Steve Deace has called it a direct assault on Christianity. This wasn’t exactly my impression. I didn’t feel assaulted so much as vaguely condescended to. Our hero’s girlfriend is a jaded Catholic ex-postulant who says she’s lost her faith in God, but by the end it’s suggested that perhaps she’s just “lost her faith in people.” Her benign Mother Superior is unfazed by the prospect of disclosure and believes there’s no contradiction with the Catholic faith. Why couldn’t God have created humans and aliens? This feels like Spielberg’s fumbling attempt at bridge-building in semi-Lewisian fashion.
Meanwhile, there’s more overt Christian symbolism in the mix, but applied in such a muddled way that it isn’t clear where Spielberg even wants to go with it. The girlfriend undergoes a Passion-like ordeal when the villain tries to possess her with ill-gotten alien tech. She clutches a cross necklace and keeps giving herself stigmata-like wounds, and at one point the villain quotes Jesus’ words in Gethsemane to try to hypnotize her into submission.
What’s all of that supposed to Mean? Spielberg only knows. If he makes a hash of Christian symbolism, in fairness he makes a hash of every other kind of symbolism too. This is, after all, a movie whose main characters recall their childhood abductions to a “Hansel and Gretel house,” which we’re supposed to believe is not horrifying but good, actually.
But Deace isn’t wrong that Spielberg has always been drawn to UFOlogy as substitute religion. Unlike in Lewis’s Ransom Trilogy, the point of Disclosure Day is not just that aliens exist and God may have His own plan for them, but that they are “closer to God” than we humans are, making them the prophets of the New Age. As Ross Douthat writes, this is obviously in tension with a preexisting religious structure based on a preexisting sacred text. He points back to the old book Chariots of the Gods, which proposed that in fact all of humanity’s religious revelations were mediated by aliens the whole time.
Notably, that’s a pitfall Spielberg has historically been good at avoiding, as when Indiana Jones is forced to grapple with the wrath of a very real Old Testament deity. But like for many American Jews, his personal faith is a mélange of pop spirituality and liberal boomer idealism.
Revelation à la Disney
Spielberg’s alien films seem to have functioned as vehicles for conveying that faith over the decades. Close Encounters of the Third Kind was a metaphor for the way families are splintered when people are gripped by religious zeal — except that all is well, the aliens come in peace, and our hero’s family fracture is just the collateral damage of an arc bending inevitably towards Nirvana. Disclosure Day is less unsettling in that respect, the work of a man with children and grandchildren rather than an unmarried dreamer. But both want to offer a form of sacred revelation via a Disneyfied notion of what religious profundity looks like.

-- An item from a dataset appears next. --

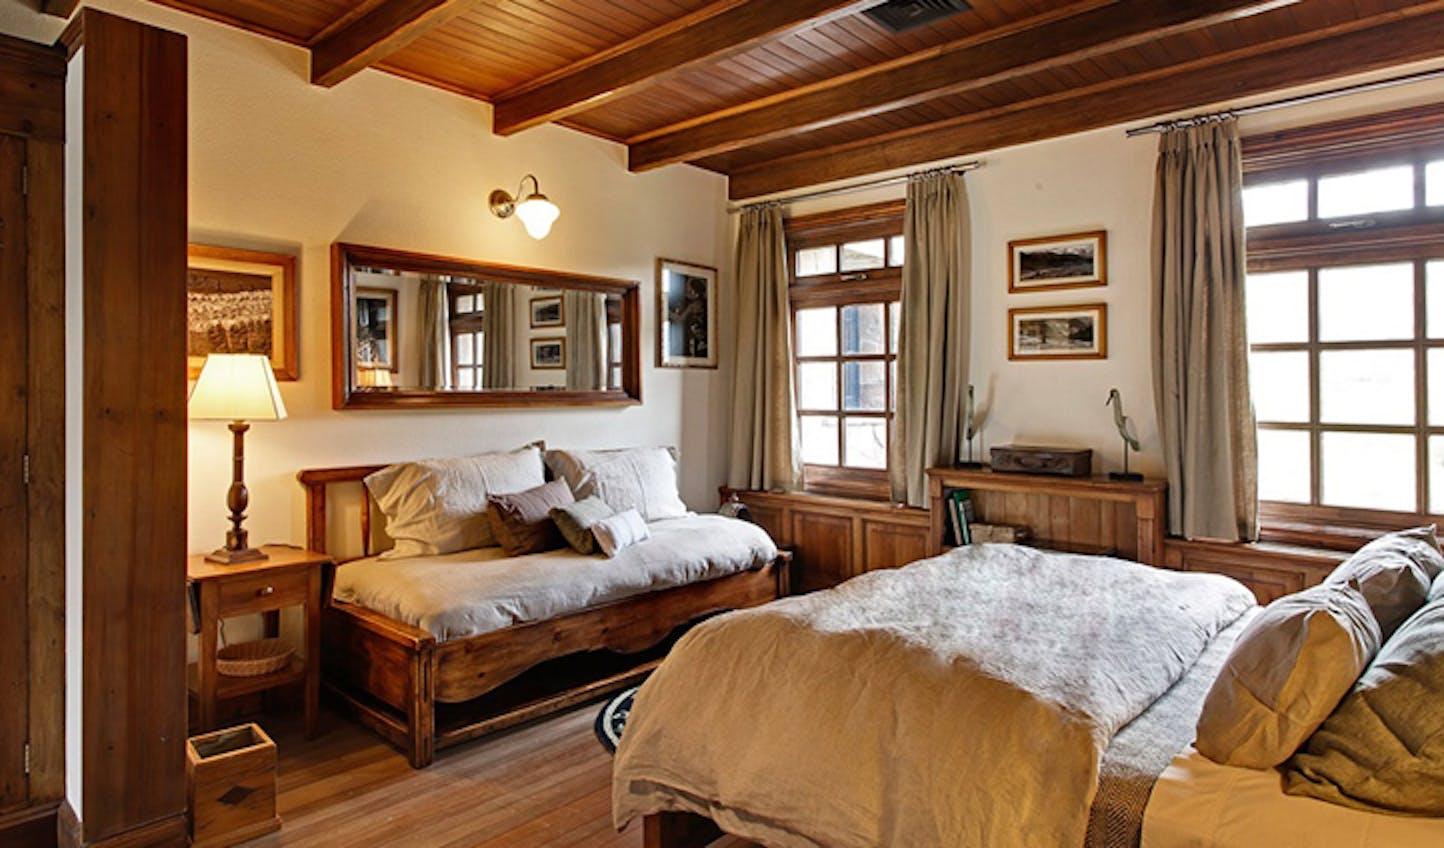 A bedroom at the Estancia Lodge, Chile

The Disneyfication is literal. At the beginning of Close Encounters, Roy Neary tries in vain to interest his kids in seeing Pinocchio with him. At the end, John Williams’s classic score vindicates him with an echo of “When You Wish Upon a Star.” It’s as if by joining the aliens, Neary has become “a real boy.” Disclosure Day finds Spielberg playing another variation on this theme when the heroine recalls her childhood abduction. In flashback, we watch the little girl humming “Some Day My Prince Will Come” to herself in bed. On cue, the aliens appear in her room disguised as the sort of woodland creatures who hover helpfully around Snow White. (And the CGI is so lazy, they even look cartoonish.)
The point in both stories seems clear: We are most enlightened when we are most in touch with our inner child. So there you have it. This great earth-shattering revelation from the sky is nothing we couldn’t have gotten off the shelf of airport paperbacks about “religion” — or a thrift store shelf of Disney movies.
As I was scrolling Twitter the other day, my timeline happened to juxtapose TMZ’s “stunning” video with some commentary on a recent knife murder in England — an immigrant stabbing a teenage girl to death. It was a reminder that while a few people squint at the sky in search of an extraterrestrial savior, the real world spins on with its real, bloody conflicts. Would the perpetrator put the knife down if an alien asked him politely? I have my doubts.